The appearance of non-spherical systems. Application to LMXB

TL;DR

This paper models the UV/X-ray spectra of neutron star accretion systems considering non-spherical geometry, explaining observed spectral features and fitting data from XTE J1709-267, though some predicted features remain unobserved.

Contribution

It introduces a non-spherical geometric model for neutron star accretion systems that predicts double bump spectral features, enhancing understanding of LMXB spectra.

Findings

Double bumps in UV/X-ray spectra are caused by non-spherical geometry.

Model explains high-energy broadening in disk spectra.

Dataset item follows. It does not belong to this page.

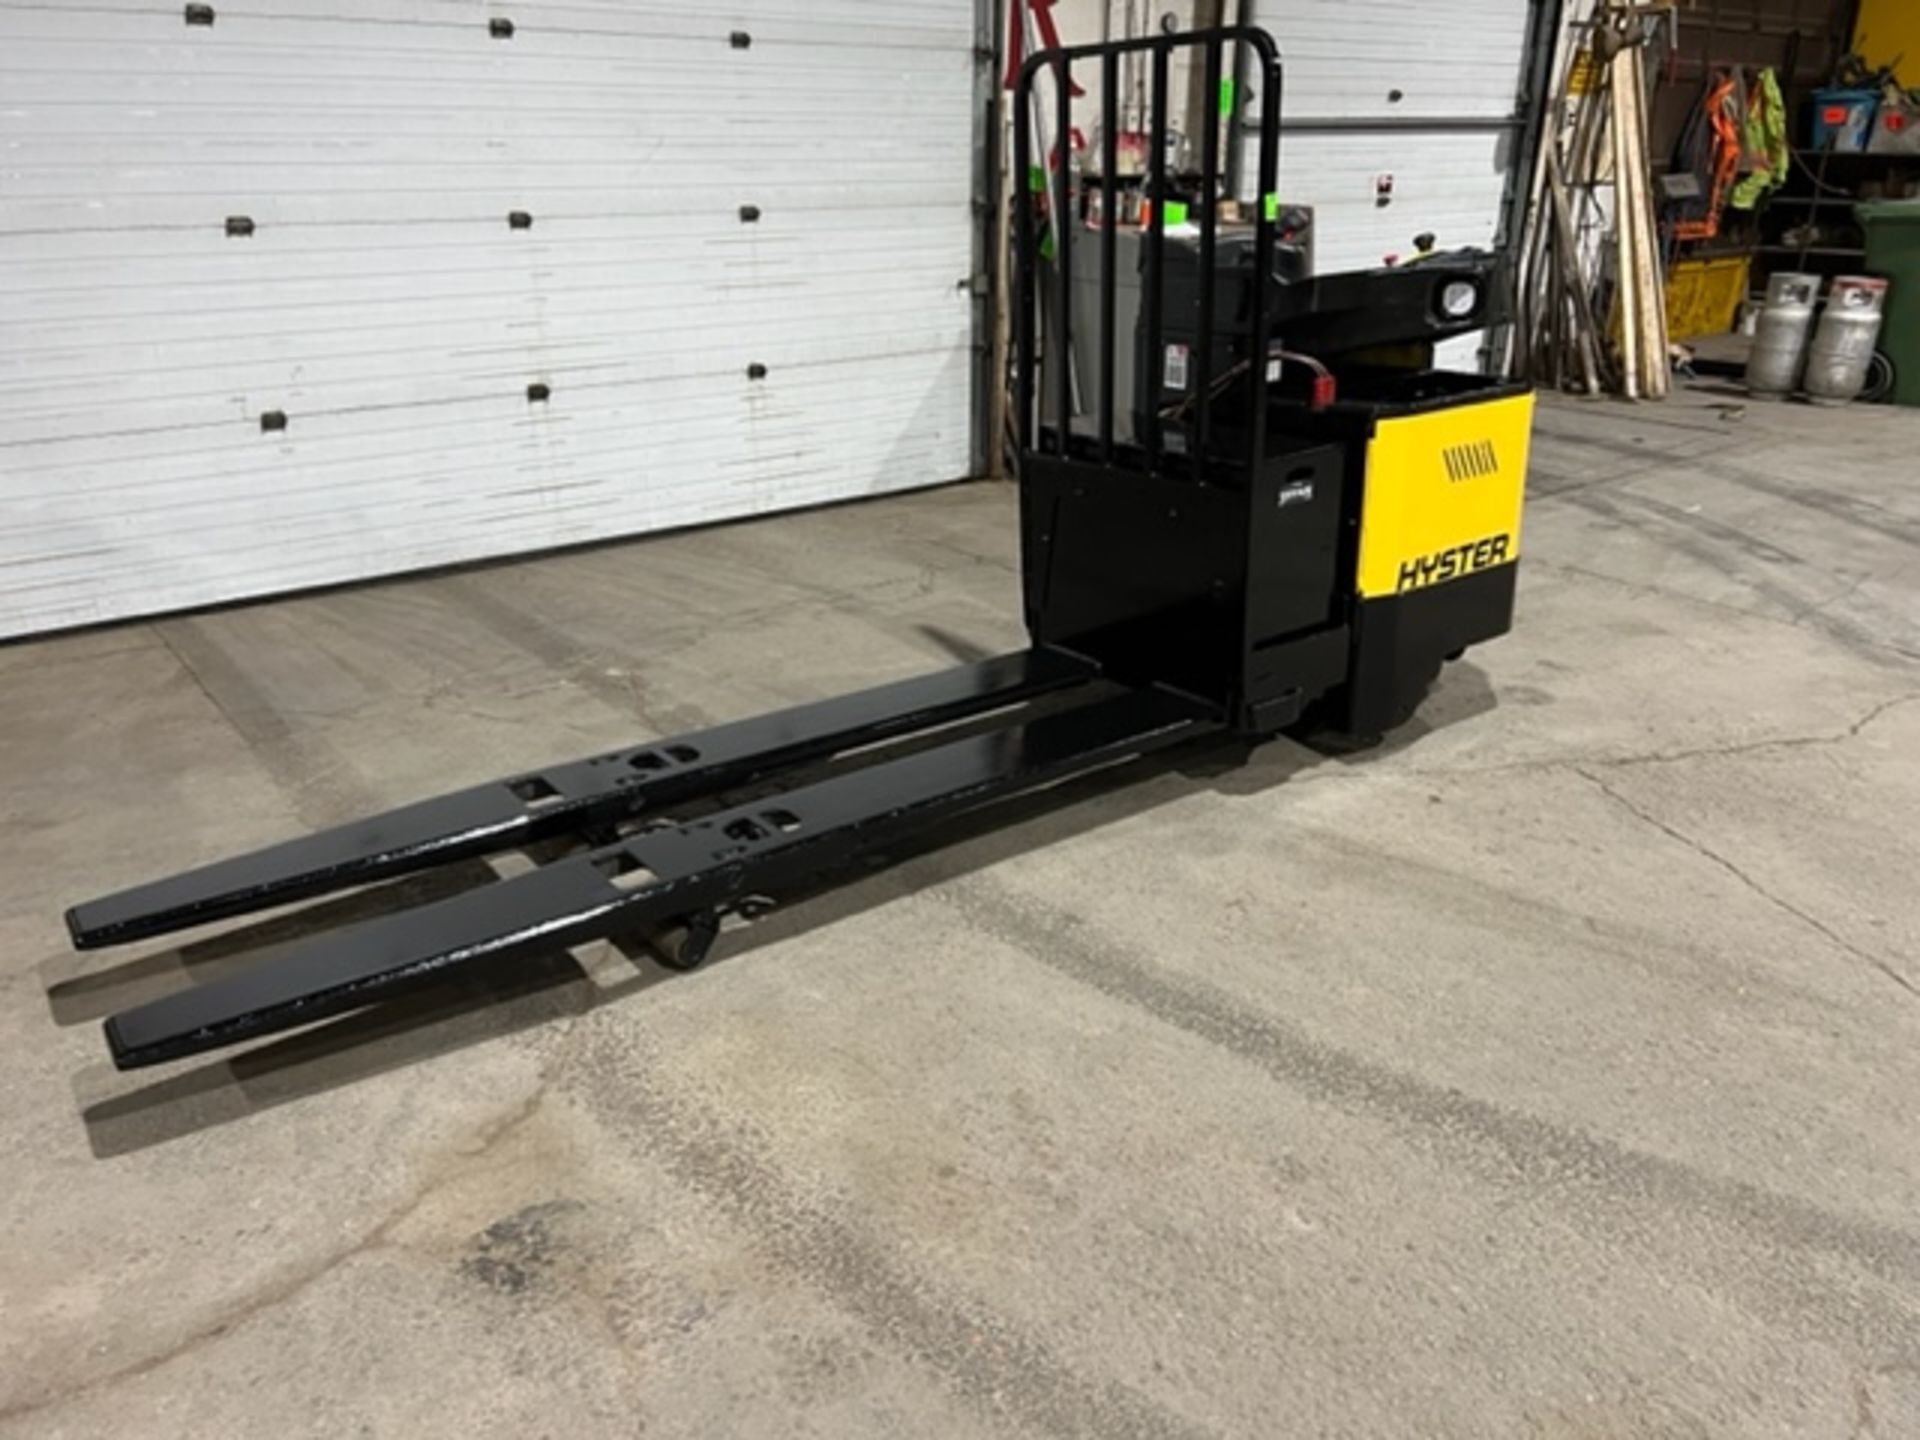 NICE 2015 Hyster Ride-On END RIDER Powered Pallet Truck 8' Long Forks 8000lbs capacity 24V NICE - Image 3 of 4

Predicted features are not observed in current data for XTE J1709-267.

Abstract

We study the appearance of the neutron star - accretion disk system as seen by a distant observer in the UV/X-ray domain. The observed intensity spectra are computed assuming non-spherical geometry of the whole system, in which outgoing spectrum is not represented by the flux spectrum, the latter being valid for spherically symmetric objects. Intensity spectra of our model display double bumps in UV/X-ray energy domains. Such structure is caused by the fact that the the source is not spherically symmetric, and the proper integration of intensity over emitted area is needed to reproduce observed spectral shape. Relative normalization of double bump is self consistently computed by our model. X-ray spectra of such a type were often observed in LMXB with accretion disk, ultra luminous X-ray sources, and accreting black hole systems with hot inner compact corona. Our model naturally explains high energy broadening of the disk spectrum observed in some binaries. We attempted to fit our model to X-ray data of XTE~J1709-267 from {\it XMM-Newton}. Unfortunately, the double intensity bump predicted by our model for LMXB is located in soft X-ray domain, uncovered by existing data for this source.